Growth and Development of Horticultural Crops (1+1)

Physiological changes
1. Water uptake

• Seed germination starts with the imbibition of water by dry seed coat. Due to imbibition of water the seed coat becomes more permeable to O2 and water and less resistant to outward growth of embryo. After imbibition, the inner contents of the seed increase in volume, thereby exerting pressure on the seed coat leading to rupture of the seed coat. The plumule and radical emerge thereafter.

2. Respiration

• After initiation of germination process, enormous energy is required for various biochemical changes which are met through rapid increase in respiration rate. Sucrose is probably the respiratory substrate at this stage which is provided by endosperm.
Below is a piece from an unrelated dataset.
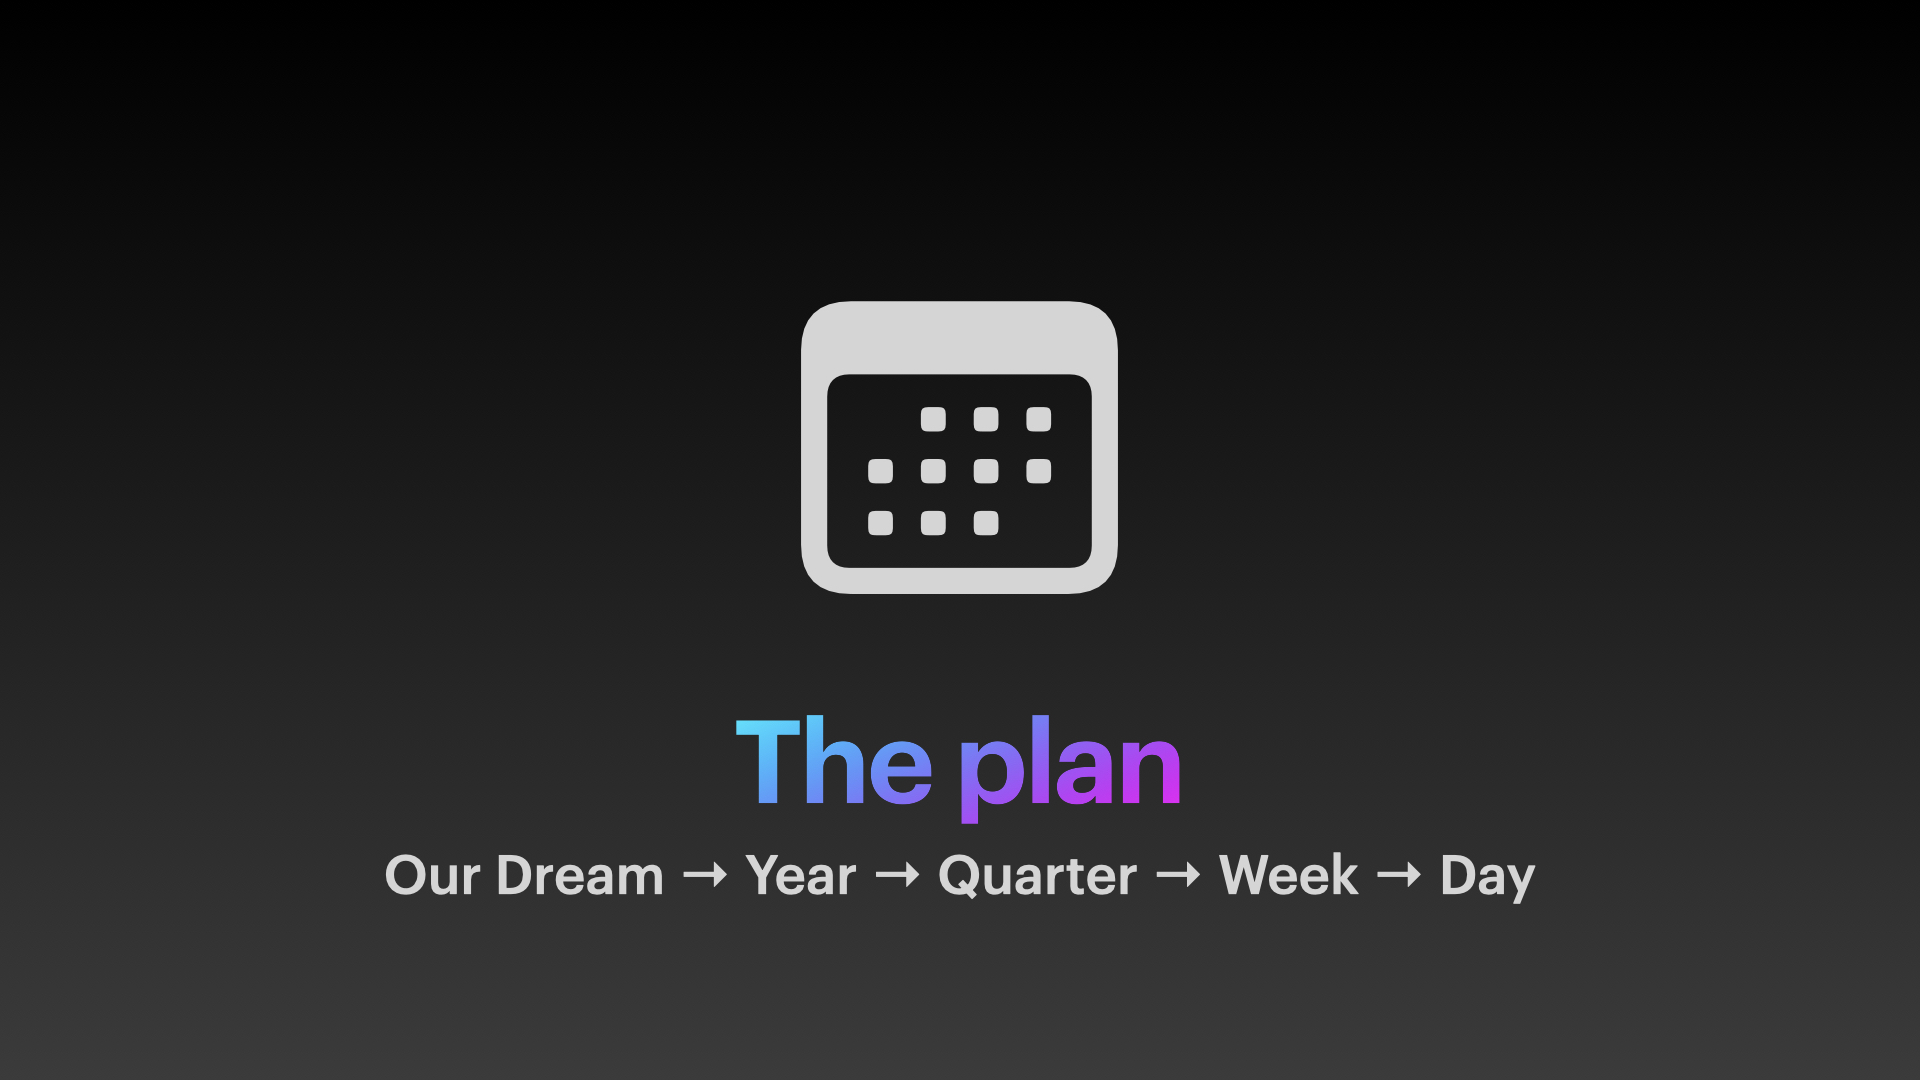 Illustration of a flowchart: Our Dream → Year → Quarter → Week → Day

In oilseeds and pulses, the lipids and proteins respectively are converted into sucrose by suitable biochemical reactions.

3. Mobilization of reserve materials

• As germination progresses, there is mobilization of reserve materials to provide.

Biochemical Changes
1. Nucleic acids

• In monocots, during imbibition, there is a rapid decrease of DNA and RNA contents in the endosperm with a simultaneous increase in the embryonic axis. High concentration of RNA in the embryonic axis precedes cell division. Due to more cell division DNA content is increased.

2. Carbohydrates

• Insoluble carbohydrates like starch are the important reserve food of cereals in the endosperm. During germination, starch is hydrolysed first into maltose in the presence of alpha-amylase and ß - amylase and then maltose is converted into glucose by maltase. The glucose is further converted into soluble sucrose and transported to growing embryonic axis. During germination, the embryonic axis secretes gibberellic acid, into the aleurone layer which causes synthesis of alpha-amylase.

3. Lipids

• Many plants like castor bean, peanut, etc, store large amount of lipids or fats as reserve food in their seeds. During germination, the fats are hydrolyzed into fatty acids and glycerol by lipase enzyme. Fatty acids are further converted into acetyl – COA by the process of ß - oxidation. The acetyl COA is further converted into sucrose via glyoxylate cycle and is transported to the growing embryonic axis.

4. Proteins

• Some plants store proteins as reserve food in their seeds. Proteins are hydrolysed into amino acids by peptidase enzyme. The amino acids may either provide energy by oxidation after deamination (removal of amino group) or may be utilized in the synthesis of new proteins.

5.Inorganic nutrients

• A number of inorganic nutrients such as phosphate, calcium, magnesium and potassium are also stored in seeds in the form of phytin. These stored nutrients are liberated during germination due to the activity of various phosphatases including phytase.